Sorti en 1979, le tube “Rapper’s Delight” du groupe Sugarhill Gang est resté dans l’histoire de la culture comme le premier tube de rap, permettant au monde entier de découvrir un genre nouveau. Surtout, il a permis de graver dans le vinyle cette musique née dans les « block parties » du quartier new-yorkais du Bronx.

À l’époque, le hip-hop est une culture balbutiante dont le rap est l’expression musicale et qui tourne autour de quatre éléments : la danse, le graffiti, le « MCing » (la manière de rapper) et le « DJing » (la maîtrise des platines). Pour enregistrer “Rapper’s Delight”, Sugarhill Gang se permet de reprendre la célèbre ligne de basse de “Good Times”, le tube du groupe de disco Chic, également utilisée en 1980 par Queen dans “Another One Bites the Dust”.

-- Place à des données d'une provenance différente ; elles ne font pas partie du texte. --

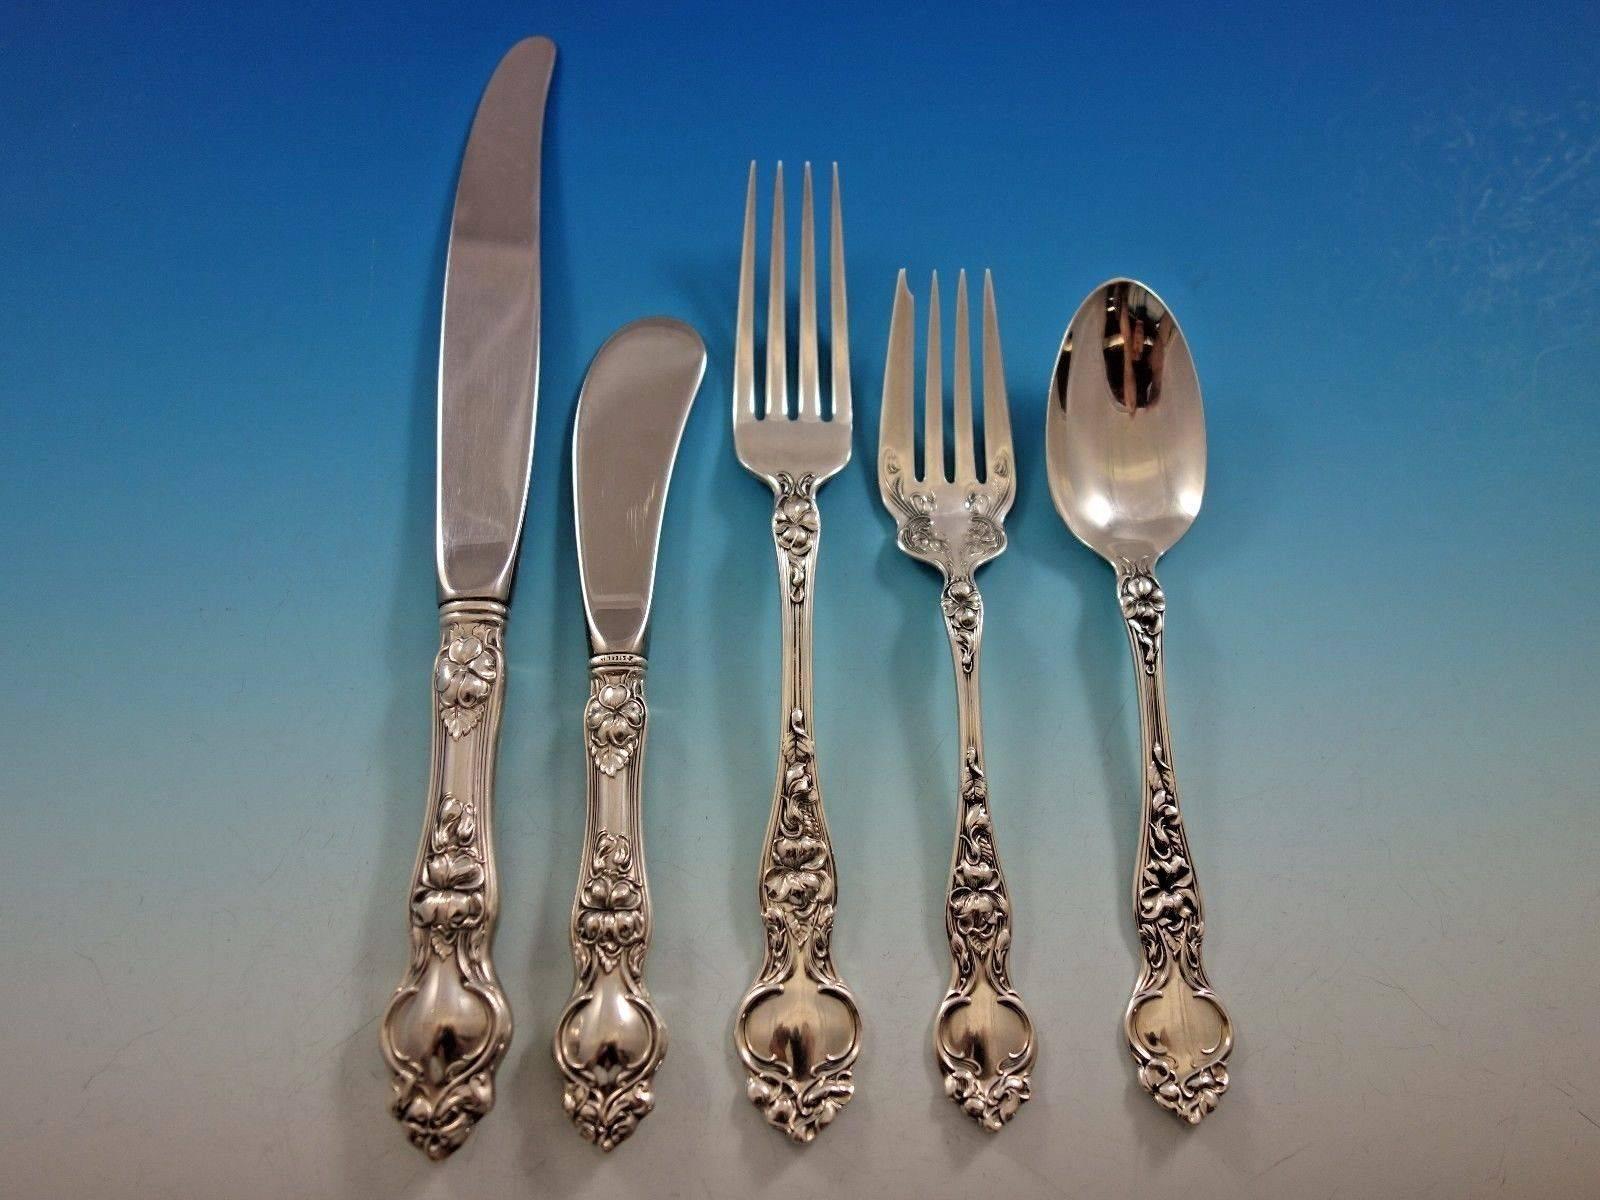 Violet by Wallace sterling silver flatware set of 30 pieces. Great starter set! This set includes: 

Six knives, 8 7/8

Avoir enregistré en studio est la chose la plus intelligente qu’on pouvait faire pour le hip-hop », se remémore pour l’AFP Master Gee, l’un des trois rappeurs de Sugarhill Gang, âgé aujourd’hui de 57 ans. Commercialement, on était les premiers. C’est comme si on avait marché sur la Lune. »

Le morceau s’est vendu à des millions d’exemplaires à travers le monde et a même eu l’honneur d’être introduit en 2011 à la très prestigieuse Bibliothèque du Congrès à Washington.